Workflow 1: terraform-plan.yml — Every Pull Request
| Step | Action |
|---|---|
| Checkout | Clone the repository |
| AWS Auth | Assume IAM role via OIDC — no static keys |
| Docker Build | Build image, validate it builds (no push on PR) |
| terraform fmt | Fail the PR if formatting is wrong |
| terraform validate | Syntax and provider validation |
| terraform plan | Generate plan for all layers via matrix strategy |
| tfsec | Security scan — block on HIGH findings |
| PR Comment | Post the plan output as a PR comment per layer |
Workflow 2: terraform-apply.yml — Merge to main
| Step | Action |
|---|---|
| Checkout | Clone the repository |
| AWS Auth | Assume IAM role via OIDC |
| Docker Push | Build and push with git SHA tag (immutable) |
| Layer 1 Apply | Foundation — only if changed |
| Layer 2 Apply | Platform — only if changed |
| Layer 3 Apply | Application — always (new image SHA) |
| Health Check | HTTP check on /health endpoint post-deploy |
| Notify | Slack/Teams notification on success or failure |
Pipeline Flow Diagram
Full Pipeline Code
Workflow 1 — Plan on Pull Request
Show terraform-plan.yml (~125 lines)
# .github/workflows/terraform-plan.yml
name: Terraform Plan (PR)
on:
pull_request:
branches: [main]
paths:
- 'layers/**'
- 'modules/**'
- 'app/**'
permissions:
id-token: write # Required for OIDC
contents: read
pull-requests: write # Required to post plan comments
env:
TF_VERSION: "1.8.0"
AWS_REGION: ${{ secrets.AWS_REGION }}
jobs:
# ─── Build & validate Docker image ───────────────────────────────────────
docker-build:
name: Docker Build & Validate
runs-on: ubuntu-latest
steps:
- uses: actions/checkout@v4
- name: Log in to GHCR
uses: docker/login-action@v3
with:
registry: ghcr.io
username: ${{ github.actor }}
password: ${{ secrets.GITHUB_TOKEN }}
- name: Build image (validate only — no push on PR)
run: |
docker build \
--build-arg APP_VERSION=pr-${{ github.sha }} \
-t ghcr.io/${{ github.repository }}:pr-${{ github.sha }} \
./app
# ─── Terraform checks per layer ──────────────────────────────────────────
terraform-plan:
name: Plan — ${{ matrix.layer }}
runs-on: ubuntu-latest
needs: docker-build
strategy:
matrix:
layer: [01-foundation, 02-platform, 03-application]
fail-fast: false
steps:
- uses: actions/checkout@v4
- name: Configure AWS credentials (OIDC — no static keys)

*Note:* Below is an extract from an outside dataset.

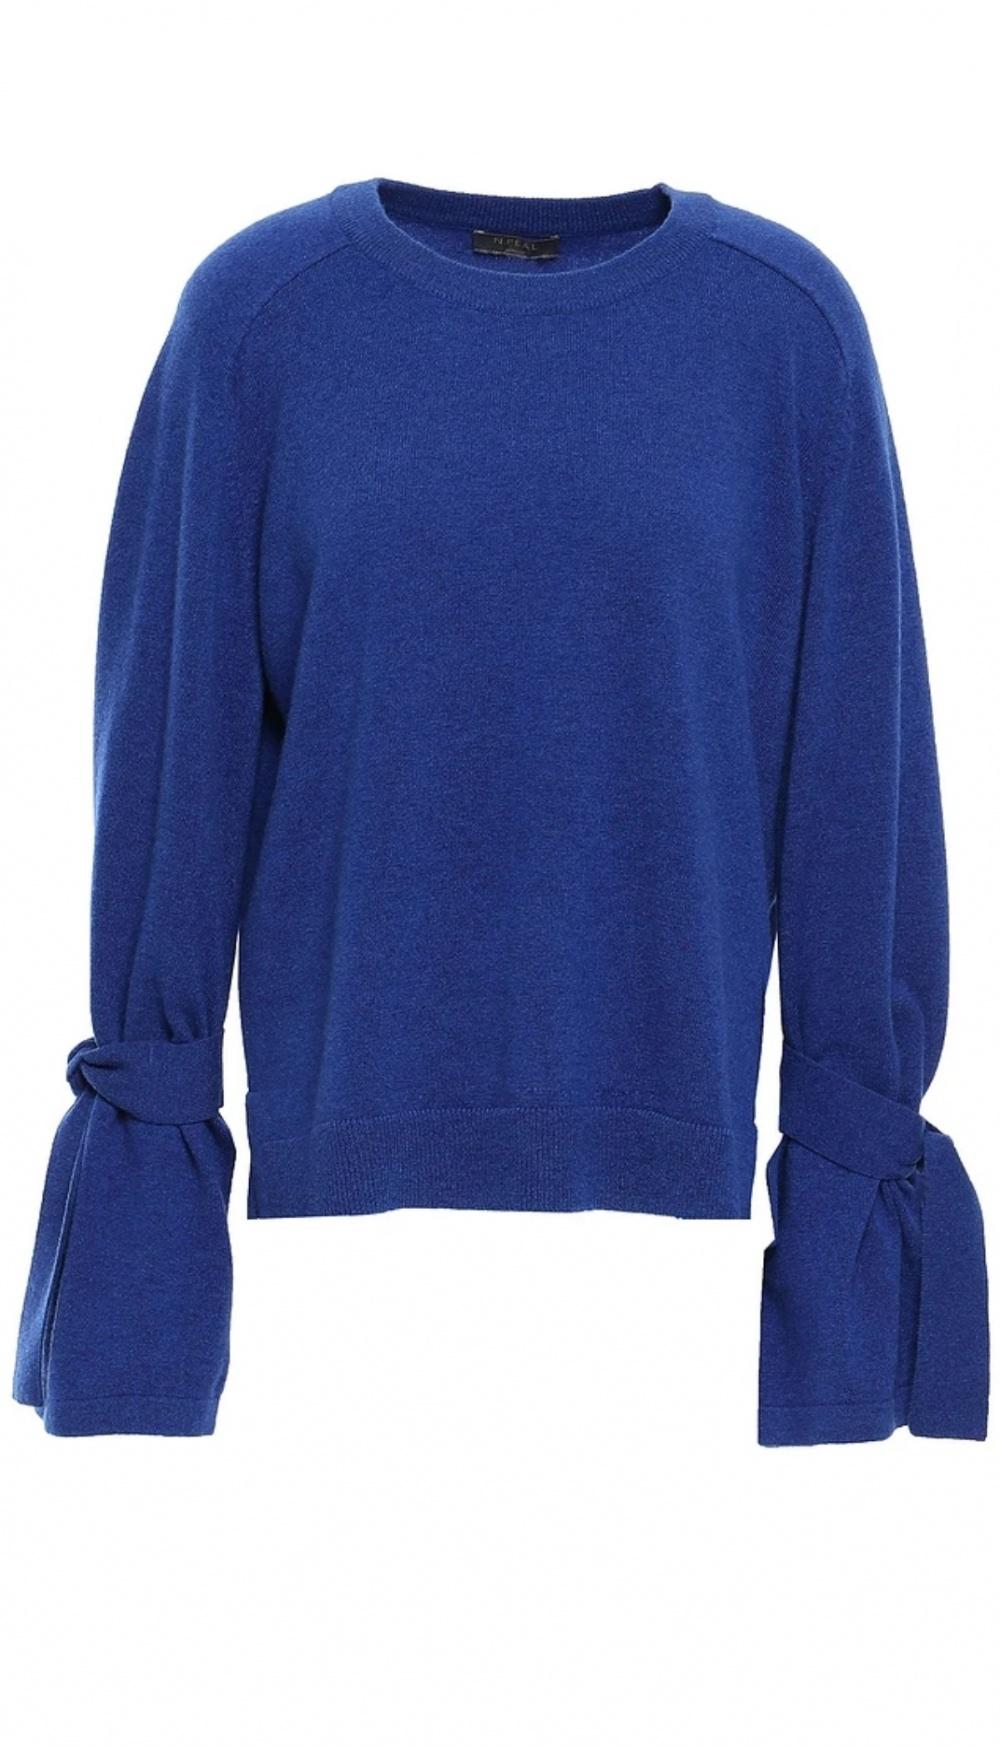 Кашемировый свитер N.Peal , размер S
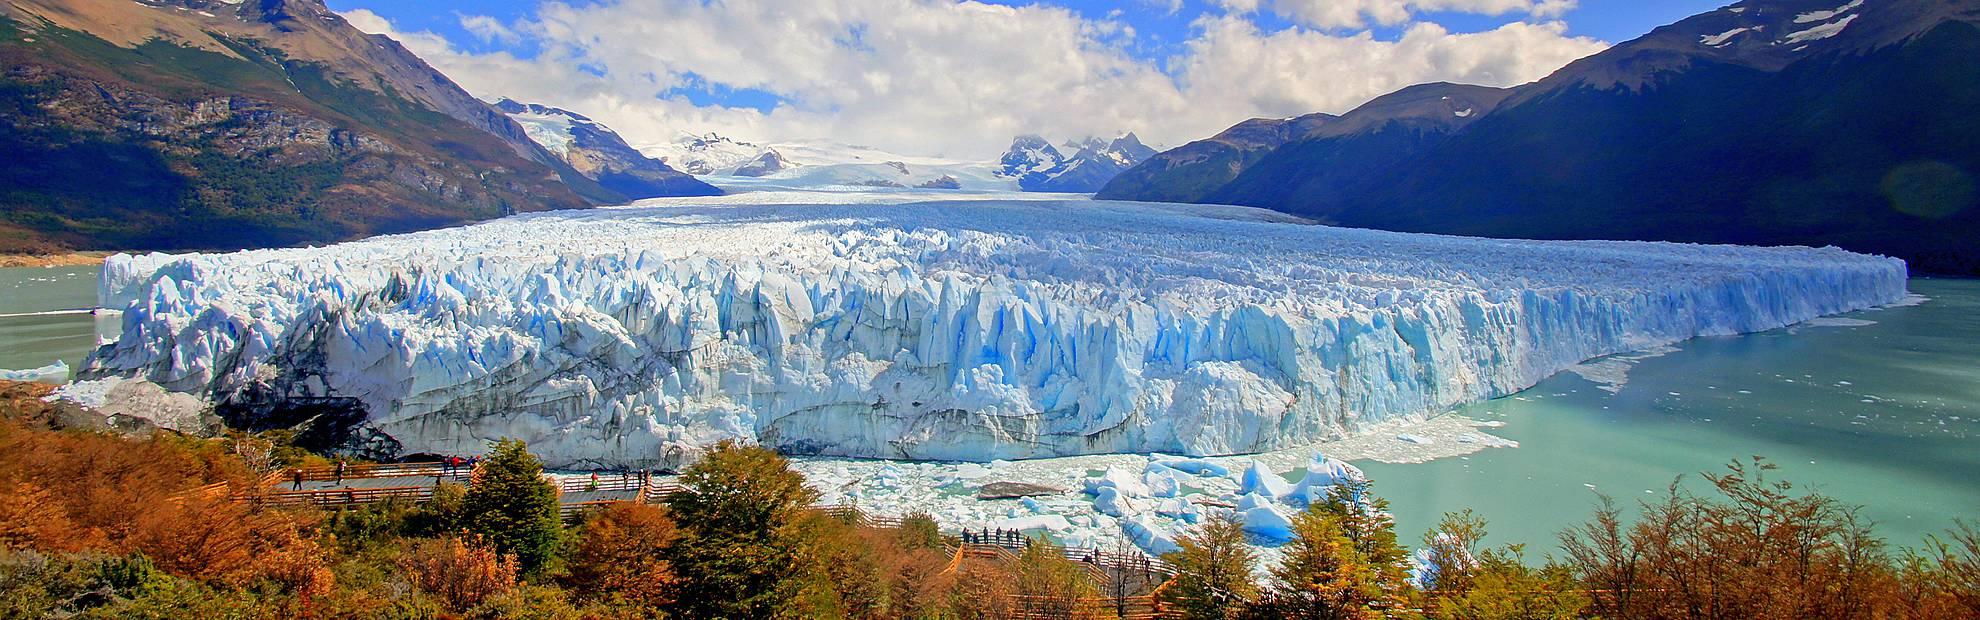 Viajes a Patagonia

uses: aws-actions/configure-aws-credentials@v4
with:
role-to-assume: ${{ secrets.AWS_ROLE_ARN }}
aws-region: ${{ env.AWS_REGION }}
- name: Setup Terraform
uses: hashicorp/setup-terraform@v3
with:
terraform_version: ${{ env.TF_VERSION }}
- name: Terraform Format Check
working-directory: layers/${{ matrix.layer }}
run: terraform fmt -check -recursive
- name: Terraform Init
working-directory: layers/${{ matrix.layer }}
run: |
terraform init \
-backend-config="bucket=${{ secrets.TF_STATE_BUCKET }}" \
-backend-config="dynamodb_table=${{ secrets.TF_LOCK_TABLE }}" \
-backend-config="region=${{ env.AWS_REGION }}"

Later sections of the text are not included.